And 5: based on the obtained distribution type j ^* Using pairs of cyclic estimatesEach data is automatically corrected; a compensation value delta is preset, and a data set D is randomly disturbed and divided into a history set D ₁ And observation set D ₂ (ii) a Specifying a data correction strategy, and carrying out continuous iteration to obtain final correction data;

and 6: setting different compensation values delta and repeating the step 5 to find the optimal compensation value; under the compensation value, obtaining an optimally corrected data set D' and solving the distribution j by adopting maximum likelihood estimation ^* The parameter (c) of (c).

Further, in step 3, in order to measure goodness of fit between the real data distribution and the theoretical distribution, the Anderson-Darling test statistics under four continuous distributions of normal distribution, truncated normal distribution, gamma distribution and t distribution are constructed as follows:

in the formula:

an Anderson-Darling test statistic representing the jth hypothetical distribution, used to measure the difference between the hypothetical distribution and the true distribution of the data,

the smaller the distribution of the true data to the hypothesis, n is the number of samples, F _D (x) Is a distribution function of the sample;

normal distribution, truncated normal distribution, gamma distribution, t distribution, these four distributions most closely fitting the distribution type of error data in the field of aeronautical manufacturing, F _j (x) Theoretical distribution function for jth hypothetical distribution:

in the formula: Γ represents the gamma function, μ, σ, a, b, α, β, v represents the distribution coefficient associated with the distribution.

Further, the specific method of step 4 is as follows:

quantity A was examined according to Anderson-Darl ² Limit distribution of (2) by

P-values for the four distributions were constructed as follows:

p _j p-value of the Anderson-Darling test statistic representing the jth hypothesis distribution, the p-value being a probability value between 0 and 1, the goodness of fit of real data distribution and theoretical distribution can be qualitatively and visually represented, and the larger the p value is, the greater the goodness of fit of real data distribution and theoretical distribution is

The smaller the distribution goodness of fit, the higher the distribution, and thus, the statistical distribution type of the error data can be determined by comparing the magnitudes of p values, i.e., the determined distribution type is j ^* ＝max _j＝1,2,3,4 p _j 。

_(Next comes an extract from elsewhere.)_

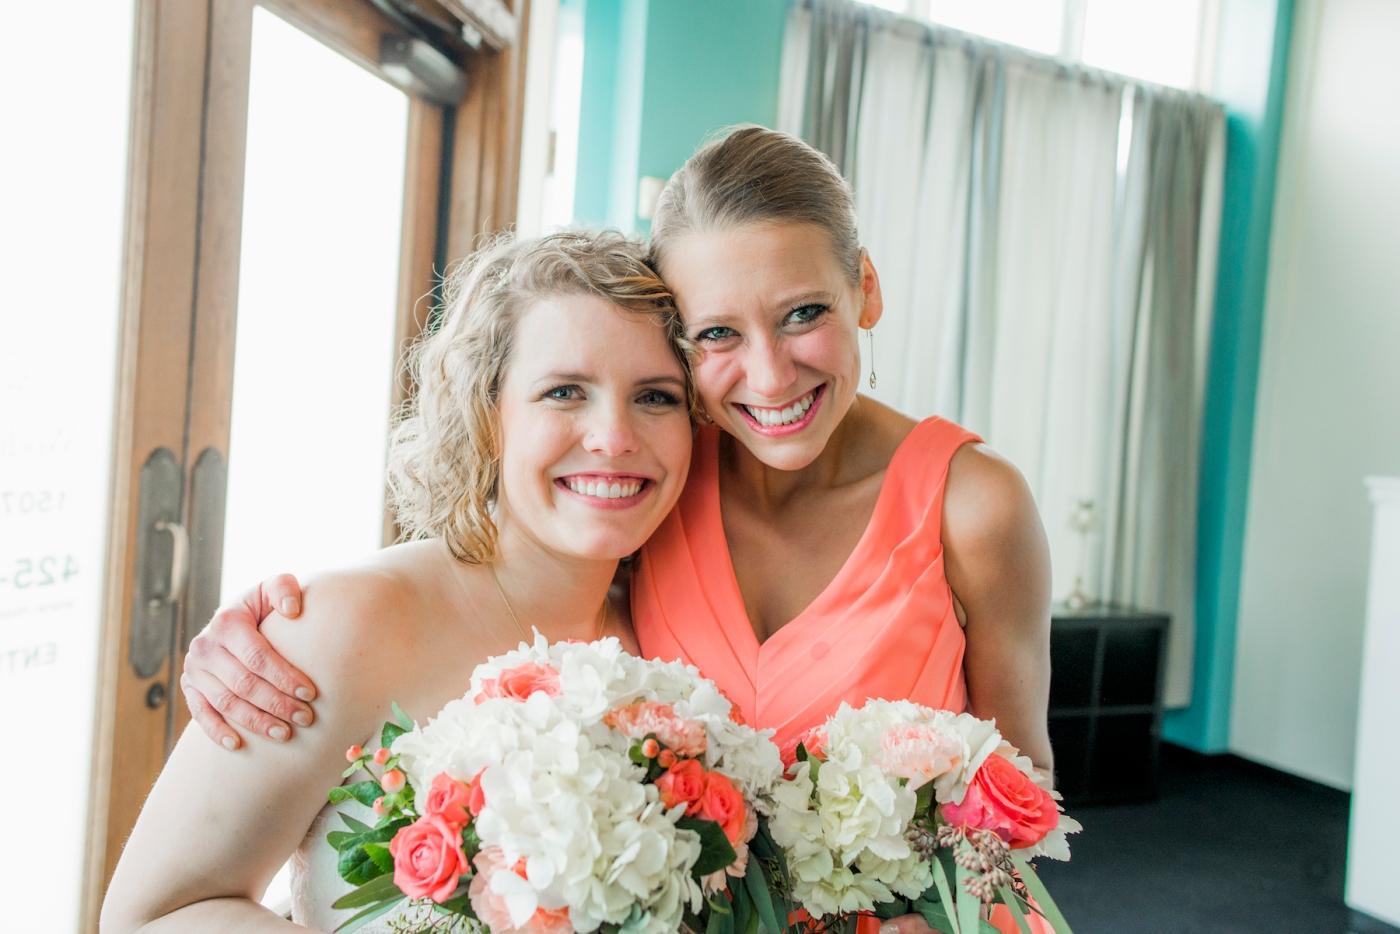 DSC_2862Everett_Wedding_Ballroom_Jane_Speleers_photography_Rachel_and_Edmund_bridesmaids_2017
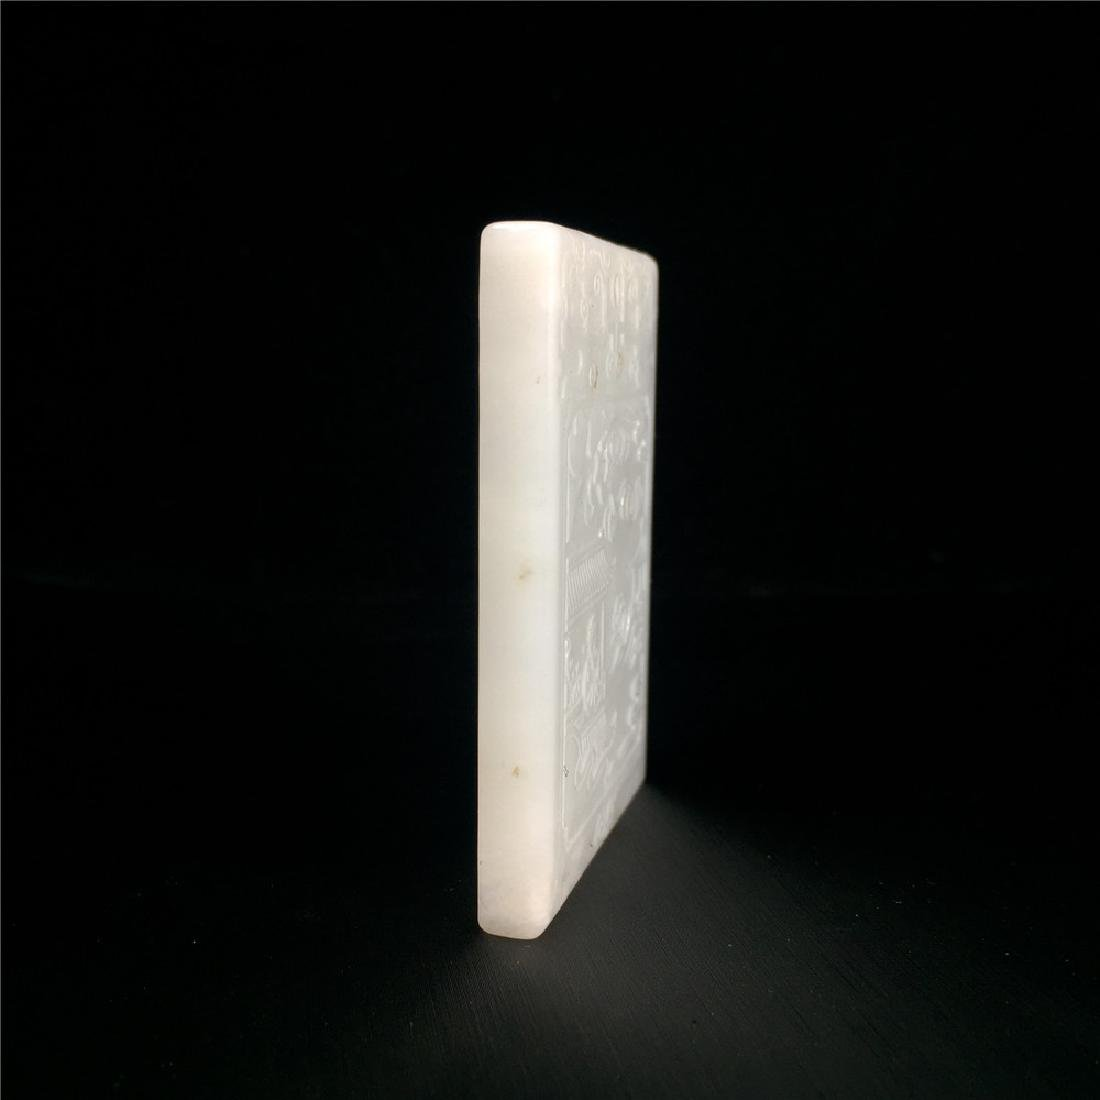 Chinese Qing Dynasty Hetian White Jade Pendant - 3

Further, the step 5 is based on the obtained distribution type j ^* Each data was automatically corrected using a loop estimation.

Still further, the step 5 specifically includes the following steps:

step 501: presetting a compensation value delta, and suggesting that the compensation value is set as an integral multiple of the data recording precision;

step 502: the data set D after the r-1 cycle correction ^r-1 Randomly disorganizing, and dividing the information into history sets according to the proportion of 8

And observation set

Step 503: there are three data correction strategies: subtracting the compensation value

Is kept unchanged

And adding the compensation value

For each data in the observation set, merging the data with the history set into a new data set, and calculating the distribution type j ^* The p values of the next three correction strategies are respectively recorded as

Selecting the correction mode with the highest p value to correct x, e.g. if

Then

Repeating the steps on all other data in the observation set to finally obtain the corrected observation set

Step 504: after recording the r cycle correctionIs a data set of

And p value thereof is p ^r ；

Step 505: comparison of p ^r And p ^r-1 If the difference is negligible (p) ^r -p ^r-1 <0.001 ) then the correction is ended; otherwise let r = r +1 and repeat steps 502-504.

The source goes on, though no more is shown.